Columns
A Teetering Balance
Our federal democracy is seen as having three equal branches that keep our democracy by equally asserting restraints on one another. The Legislative Branch plays its part by having 435 representatives elected for 2-year terms by citizens throughout the country along with 100 senators elected for 6-year terms. These just over 500 individuals have many functions but they really have only one power, providing or restricting funds to themselves and to the other two branches of government, the Executive and Judicial Branches.
The Executive Branch has thousands of functionaries but its most powerful executive is the President who directly and indirectly heads the military and countless other divisions of that diverse branch. Each of those often nameless bureaucracies has untold, often nameless, functionaries whose functions may hold the key to whether our government functions.
The Judicial Branch is easy to generally designate but much more difficult for the populace and the other two branches to corral as the Judicial Branch has generally defined itself since Marbury v. Madison in 1803. In fact, the Judicial Branch jealously and vigorously spends much of its time struggling to make sure the other two branches do not infringe on its powers, the chief of which is to define what the law allows the other two branches to do.
This theory of a three equal and separate foundation of our democracy works well as long as the powers of each branch remain truly separate and fairly balanced and each branch is composed of greatly dispersed functionaries. It is not a novel observation that our great democracy has remained democratic, mostly, because it remains diverse, dispersed and divided. When power becomes concentrated in a particular individual or individuals or branch, democracy suffers and internecine competitions may arise. Such theoretical and rhetorical battles can, as our Civil War proved, break out into real battles as one or two or even all three of the branches seek dominance.
Currently, we have members of each branch asserting efforts to imprint upon our whole country the vision of a few executives, followed by a few judges, both entities being subject to the status of financial hostages from a powerful few in the Legislative Branch. Now, some may analyze our current imbroglio as evidence our three-branch theory is simply working itself out in practice. That could be true. However, I hypothesize our Founding Fathers may have neglected the Fourth Branch of our social/governmental structure, the citizenry. Normally we have an electorate that, while unhappy perhaps, still finds a way to “soldier on”.
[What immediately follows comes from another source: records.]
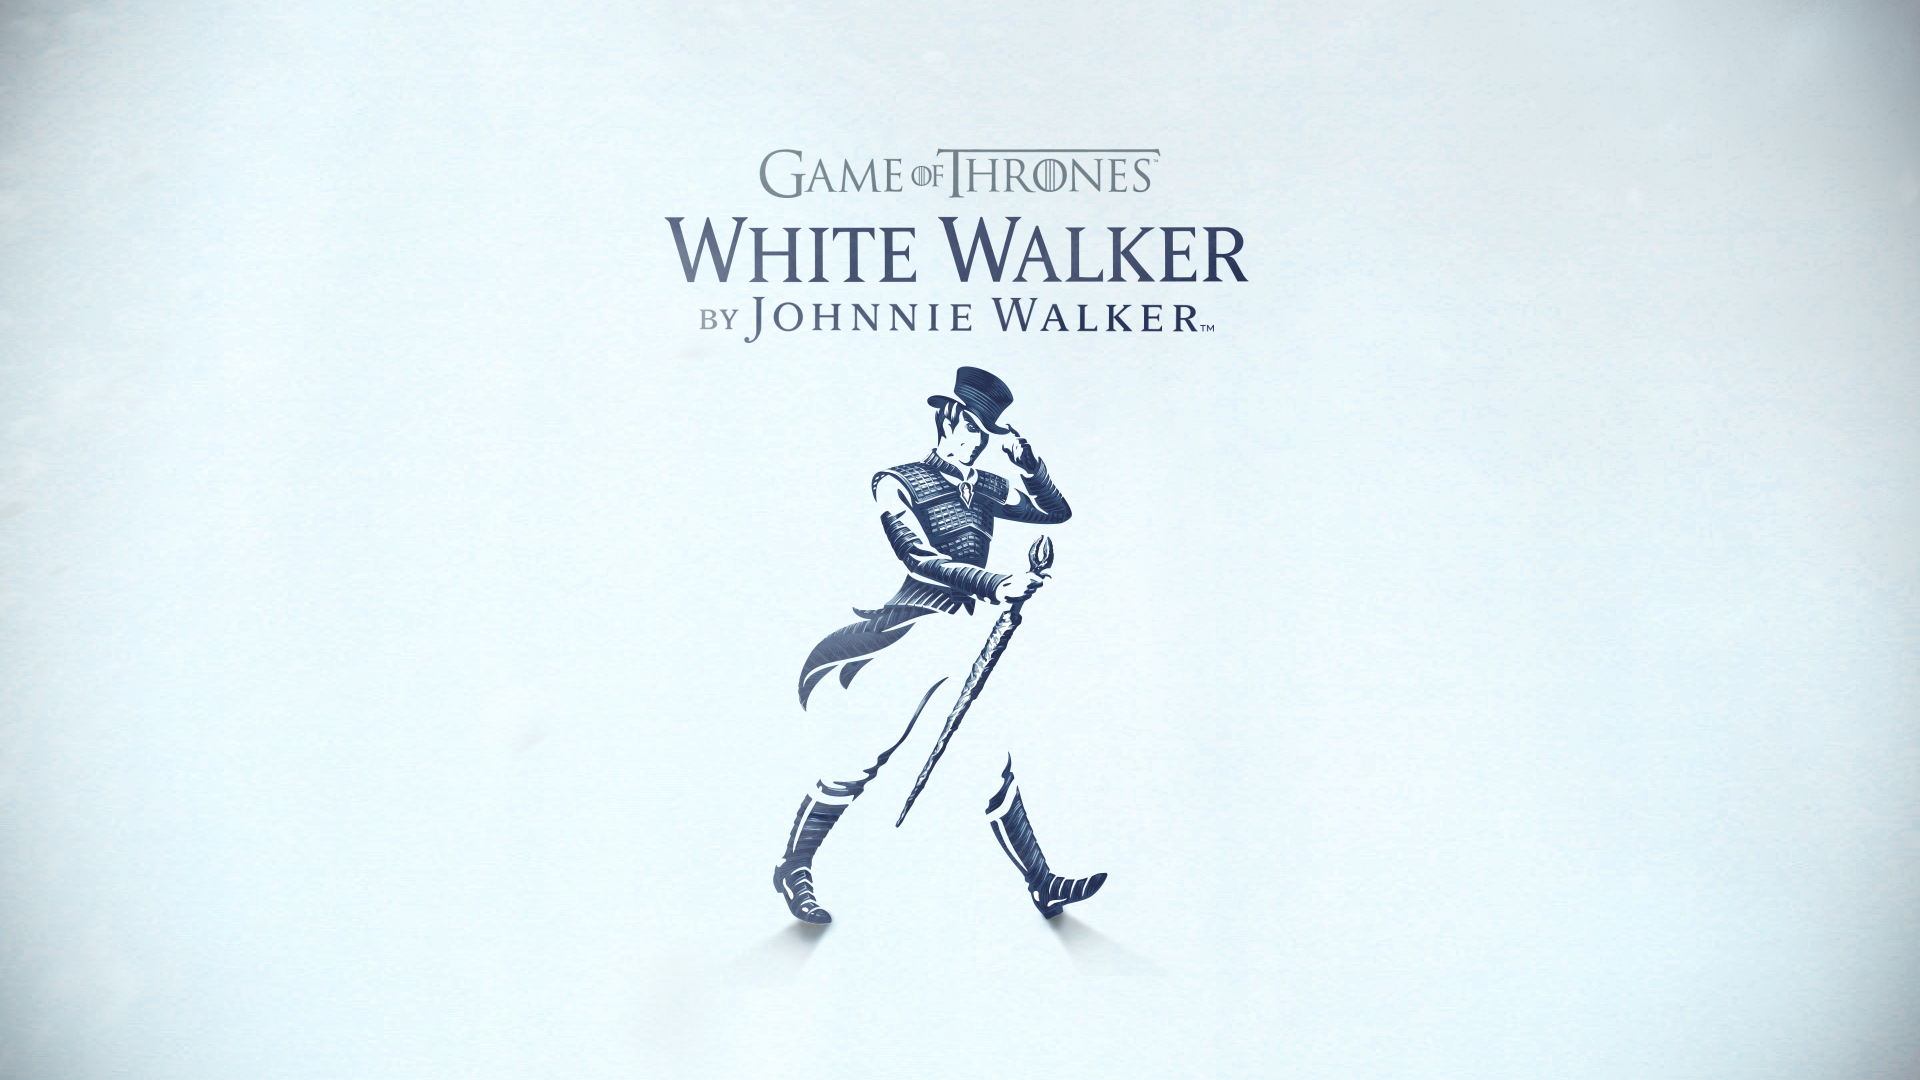 Whisky Johnnie Walker Game Of Thrones 1920x1080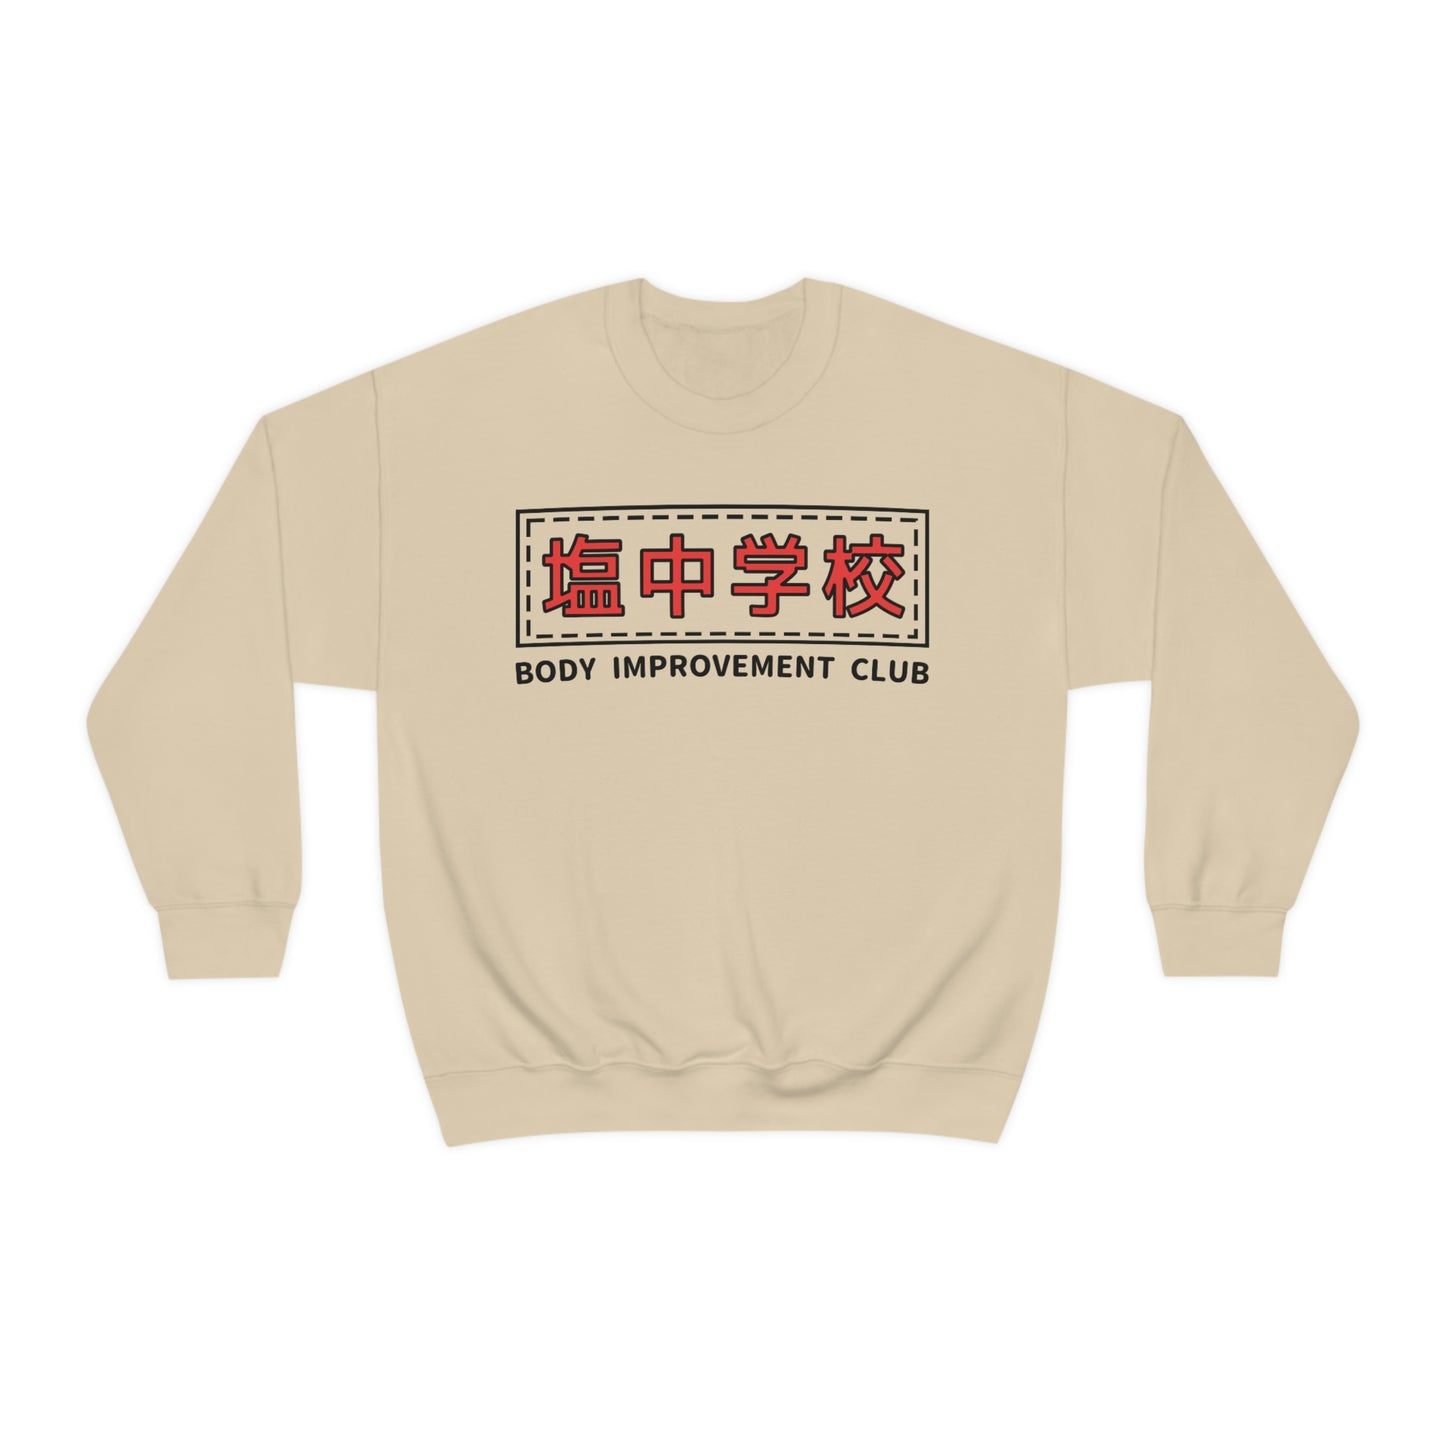 Body Improvement Club Sweatshirt Salt Middle Schools Psychos crew neck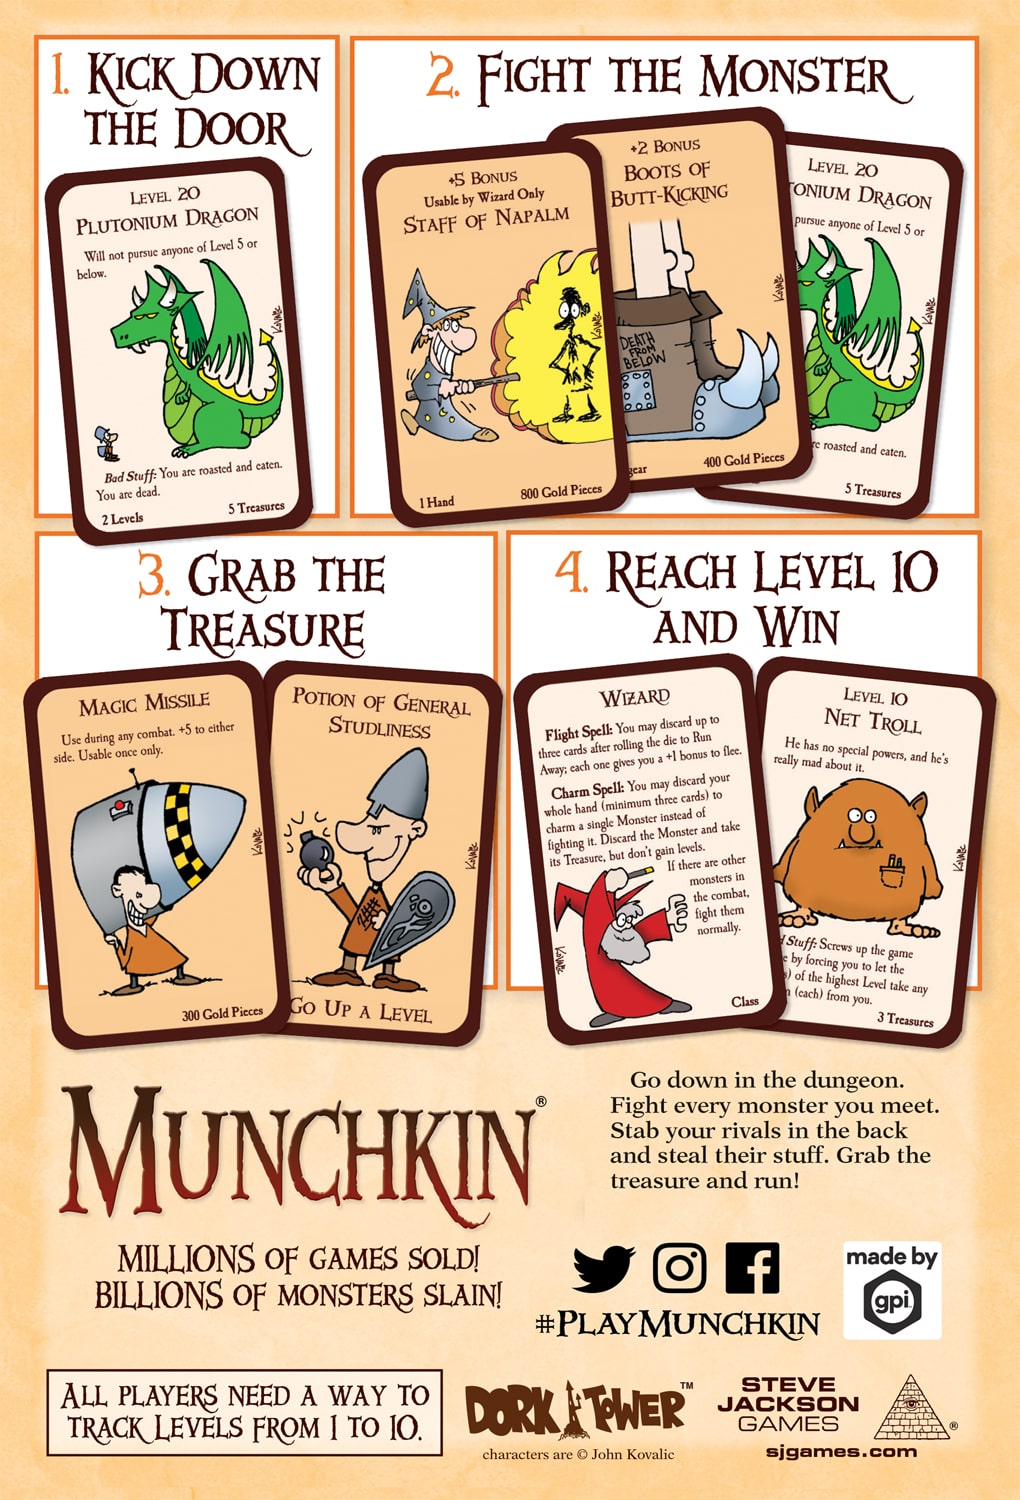 Munchkin Card Game Steve Jackson Games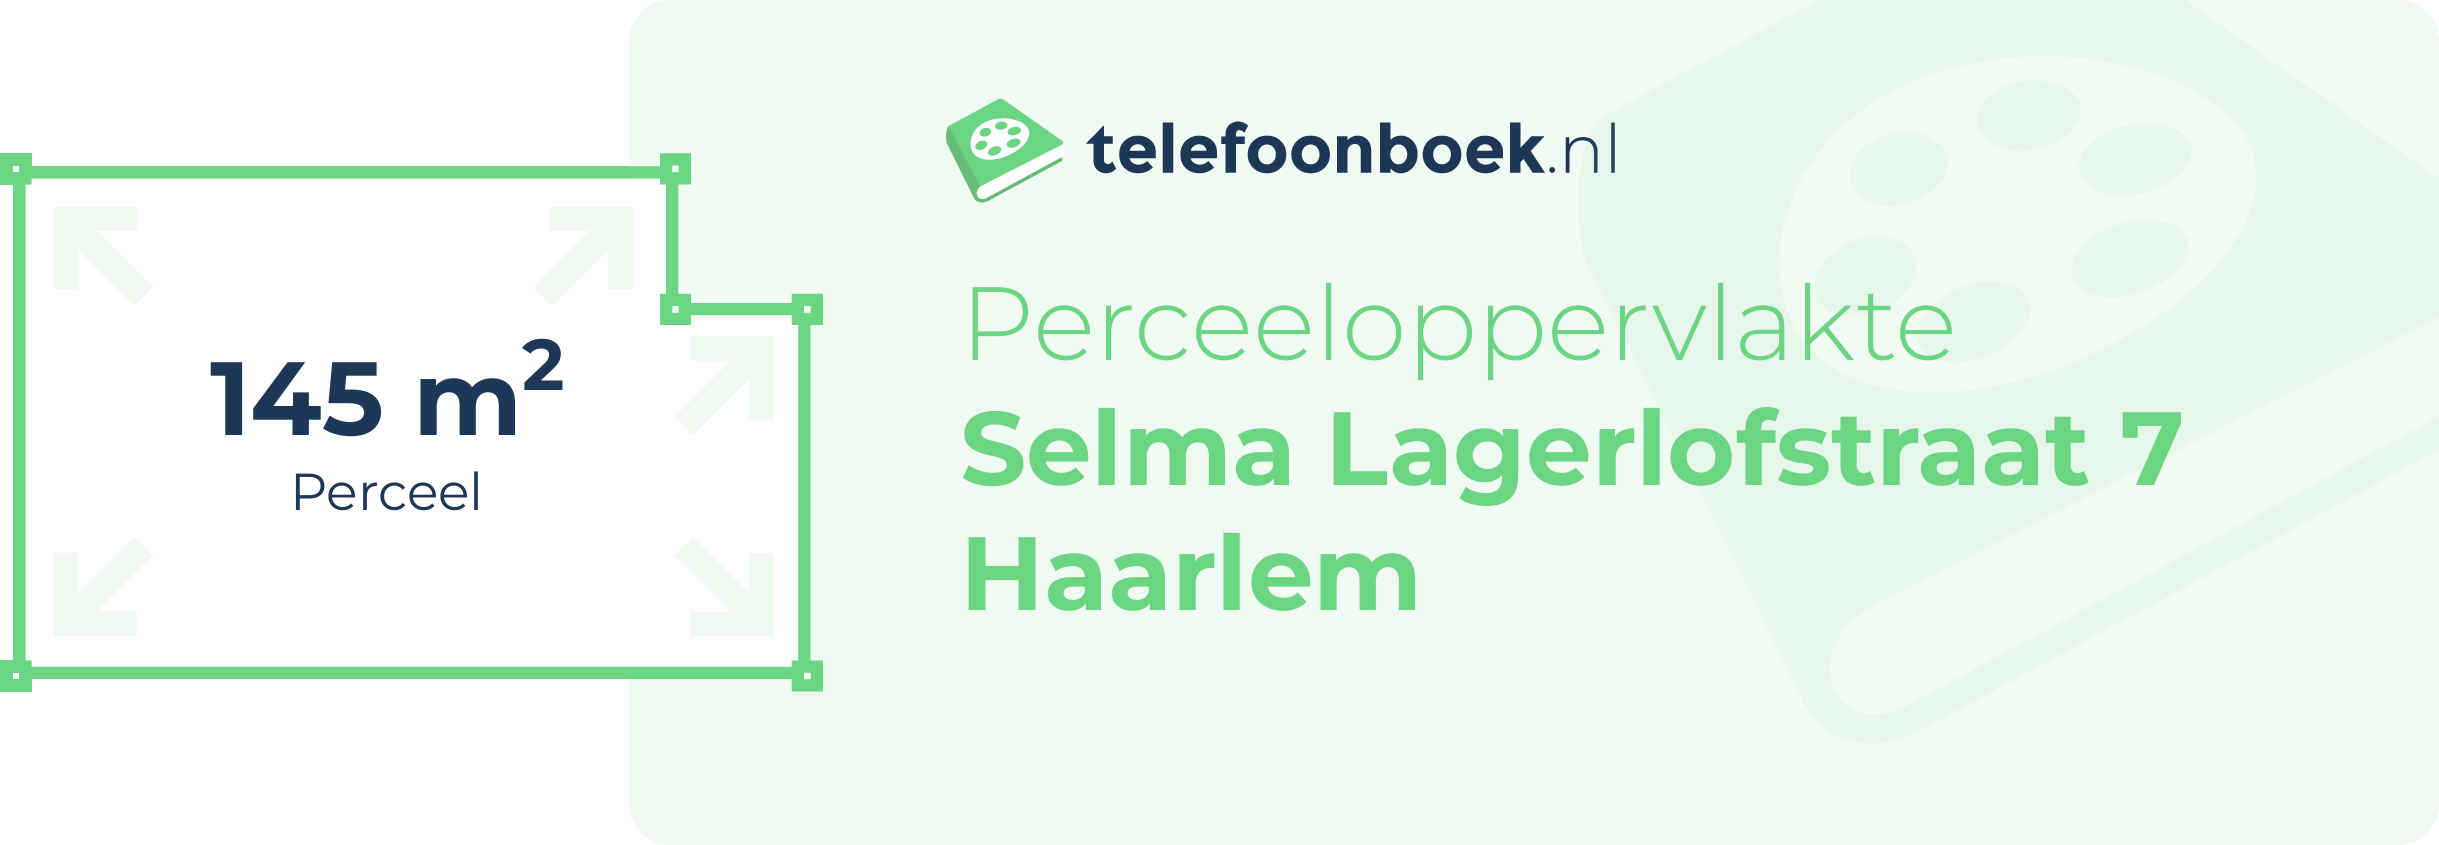 Perceeloppervlakte Selma Lagerlofstraat 7 Haarlem

Our current social intercourse pits about one-half of America against the other half, sort of like the times of theDred Scott v. Sandford case of 1857 that led to the Civil War. Much as when a large portion of the United States agreed with the U.S. Supreme Court that African Americans were not citizens while another large portion disagreed. Many Americans today either agree or disagree with Birthright Citizenship and several other issues. One President and at least one federal judge come down on opposite sides of this citizenship issue and probably several others.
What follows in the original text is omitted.